Family-operated parks run the gamut from places like Storybook Land, an amusement park in Cardiff, N.J., about a dozen miles west of Atlantic City, that offers smaller rides aimed at younger children, to places like Morey’s Piers, which have roller coasters just short of the Six Flags-type screamers. Most have 20 to 50 rides or attractions, sometimes water parks, and often arcades or shows. They are day-trip places, with passes that stay firmly in the low- to mid-double-digit dollar range. A day pass for one of the Six Flags parks costs $45 to $55 a person, and parking is at least $15.

“We feel in competition with places like Six Flags,” said Dick Andrew, vice president of marketing at the Lagoon and Pioneer Village, a 49-ride park in Farmington, Utah, which opened in 1886, 10 years before Utah became a state. “Denver has a Six Flags and that is 600 miles away, and the large parks in California are more than 700 miles away. But people here in Utah think nothing of loading up the kids in the van and just driving. We always have to be aware that the customer isn’t just going to come here because we are down the road.”

Thus, the family amusement parks have to be both keepers of nostalgia and up-to-date. In Wildwood, the Moreys say they try to come up with at least one new ride or attraction a year, but still have the old bumper cars and carousel. At the Santa Cruz Beach Boardwalk in that central California seaside town, the Canfield family, which has owned the park for more than a century, decided not long ago to replace the Haunted Castle ride that had been showing wear after 30 years in operation.

“But we asked around and you know what we replaced it with? An updated Haunted Castle ride,” said Marq S. Lipton, the company’s vice president of marketing and sales. “It is an advantage to be working for a company that has been in business for more than 100 years. You have seen just about every type of economy. You can let the past help guide your future actions and plans.”

Even though the economy did not devastate the family parks, it did lead many of them to re-evaluate what the future might bring. At Wild West City, a 53-year-old park in northwestern New Jersey with an old-time Western village, some rides and a mock shootout and Western show on the Main Street every hour or so in the summer, there are often obstacles just to staying in business.

“Our cap-gun supplier went out of business two years ago,” said Wild West City’s manager, Mary Benson. “Who would figure that?
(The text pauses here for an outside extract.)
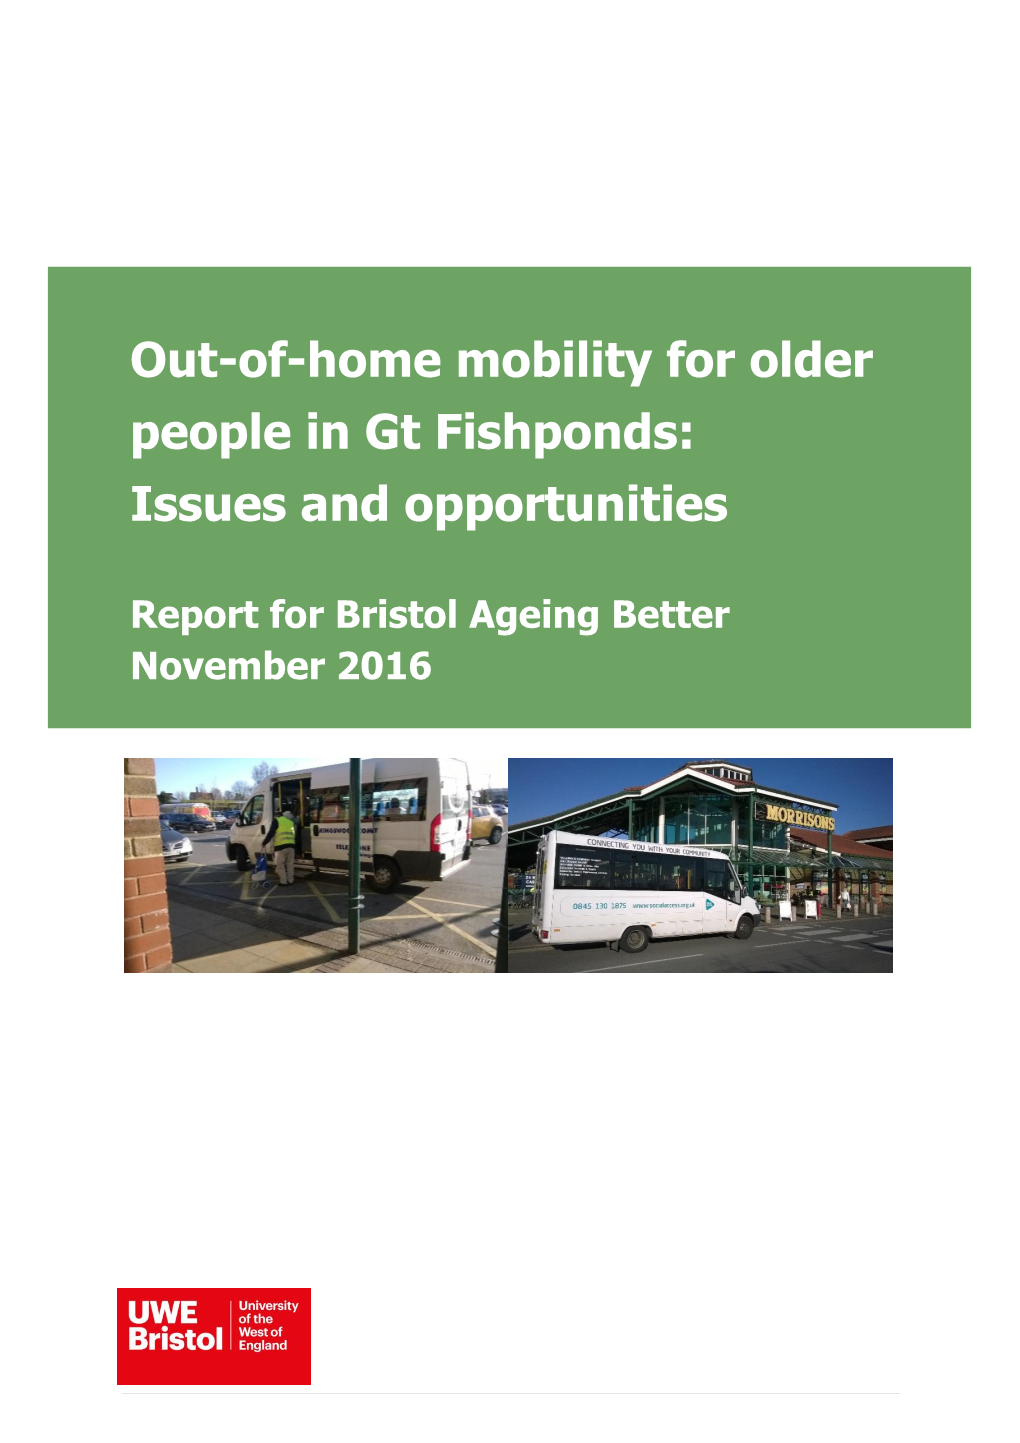 Out-Of-Home Mobility for Older People in Gt Fishponds: Issues and Opportunities

So we had to find someone else, which was more expensive.” Licensing and insurance goes up every year, she said, and the minimum wage, which is what many young seasonal workers often get, jumped in New Jersey to $7.25 this year from $6.15 an hour in 2006. Corporate business — companies throwing picnics and the like — has declined but, she said, will hopefully come back when the economy improves.

“We’re managing, but we do it because we love it,” she said, noting that the owner, Mike Stabile, whose family bought the park in 1963, still gets out on the Main Street daily to do the lasso show.

There have been at least three closings of long-term amusement parks this year, according to Jim Futrell, the historian for the National Amusement Park Historical Association and the writer of four books on amusement parks. But all those, he said, had family-based disagreements, and were not related to the general economy. In the early part of the decade, though, he said, several seaside parks in places like Myrtle Beach and the Outer Banks and the New Jersey shore closed because the land along the ocean just became too valuable.

“The ironic thing, though, is that most all of that land lies vacant today,” he said. “It never did become condos or housing developments,” he said. In fact, in one place, Sea Isle City, N.J., the town leased back the land to an amusement operator this summer. John Fricano, owner of Storybook Land, which has been in his family for 54 years, said the family amusement park offered a form of stability to customers. “People know what we have to offer, and well, we have been lucky that they always come back,” he said. “There are always new kids and, for the most part, this business is about kids and their families. Now the original kids bring their kids.”